Böbrek hastalığına, böbrek taşlarına ve böbrek yetmezliğine ne sebep olur?
Vücudumuzun kanı filtrelemenin ve toksinleri vücuttan temizlemenin farklı yolları vardır ve böbrekler bu filtrasyon sisteminde önemli bir rol oynar. Toksinler vücudumuza girdiğinde, önce karaciğerde işlenir ve daha sonra toksinler eliminasyon için böbreklere ve bağırsak yoluna geçirilir.
Böbrekler, dış ve iç “kalın bir cilde” sahip olan ve işlenmiş zehirleri mesane yoluyla vücuttan güvenli bir şekilde çıkarılana kadar toplayıp içermelerini sağlayan güçlü bir kese gibidir. Eliminasyondan önce böbrek içinde önemli miktarda zehir saklandığını ve bu zehirlerin çok fazla zarar vereceği vücut bölgelerinden uzak tutulduğunu fark etmek önemlidir .
Genellikle böbrek hastalığının nedeninin yüksek tansiyon, diyabet veya böbreklerde yaralanma olduğu söylenir. Yüksek tansiyon ve diyabet böbrekleri olumsuz etkilemekle birlikte, böbrek hastalığına neden olmazlar. Böbreklerin fiziksel olarak yaralanması (örneğin bir araba kazası veya böbreklere doğrudan darbe), kesinlikle böbrekleri zayıflatabilir ve sorunlara yol açabilir, ancak genellikle böbreklere zarar veren yaralanma türü ilaca bağlı hasardır.
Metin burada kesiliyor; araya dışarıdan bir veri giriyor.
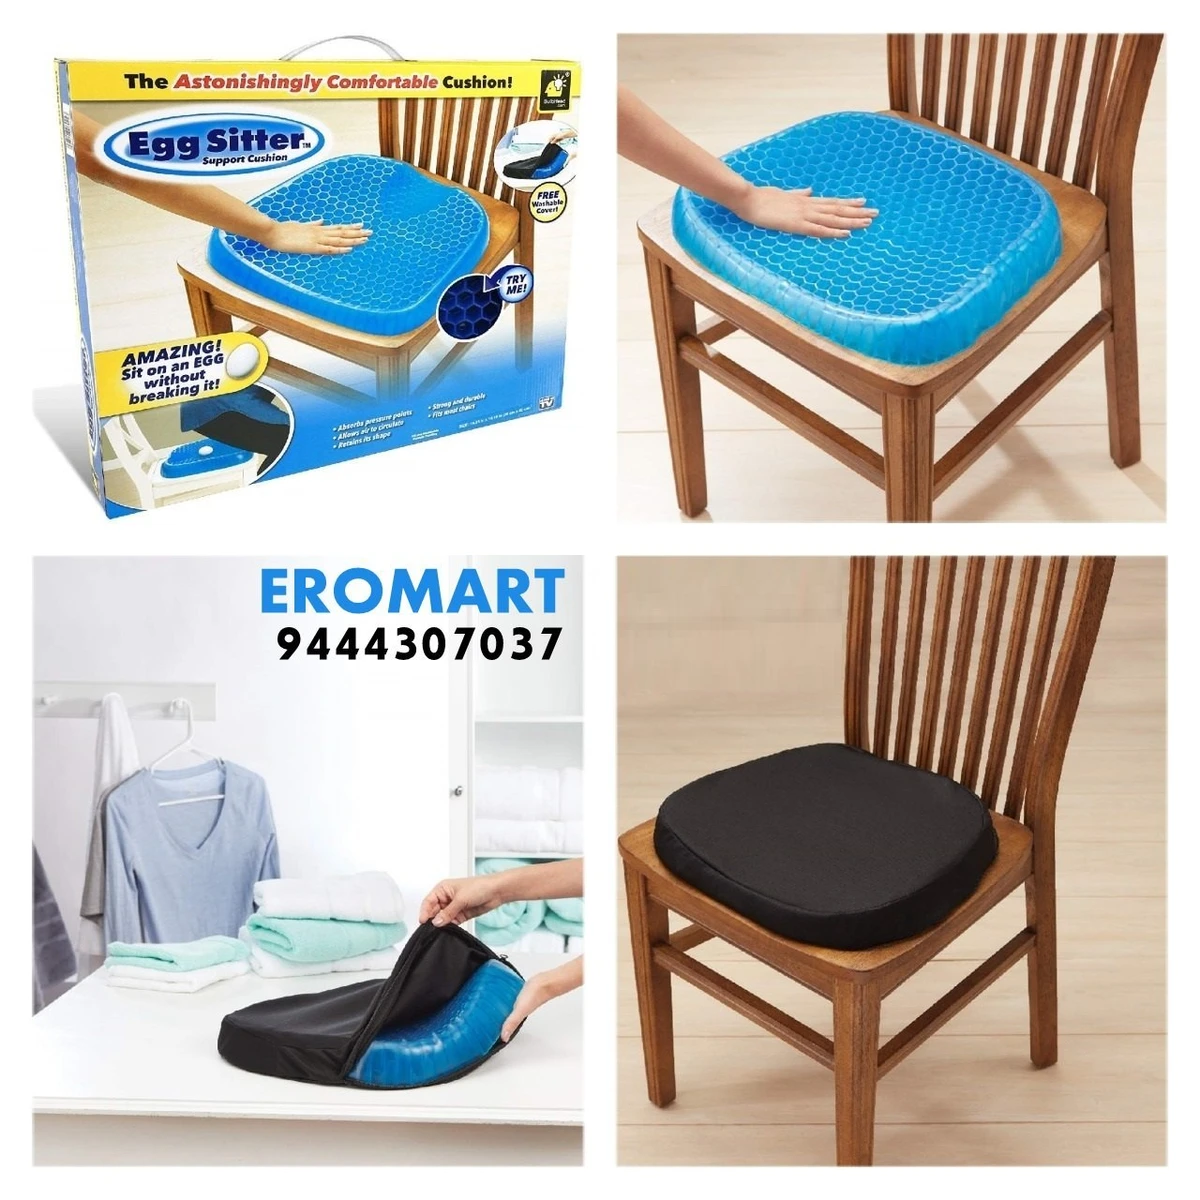 1 Pcs Silicone Comfortable Egg Sitter Seat Cushion for Office Car Home Chair

Hepimiz çoğu ilacın toksik bir tarafı olduğunu biliyoruz, ancak toksisitenin zamanla nasıl arttığının genellikle farkında değiliz. İlaçlar yardımcı olabilse de, özellikle böbrekler için reçete edilmeyen ilaçların ilaç tedavisinin neden olduğu toksik yükü denemek ve azaltmak önemlidir. Uzun süreli ilaç kullanıyorsanız, doktorunuza hangi ilaçların en az önemli olduğunu ve hangilerinin diyet veya otlardaki bir değişiklikle değiştirilebileceğini sorun. Düşürebileceğimiz veya ortadan kaldırabileceğimiz herhangi bir ilaç böbreklere büyük fayda sağlayacaktır.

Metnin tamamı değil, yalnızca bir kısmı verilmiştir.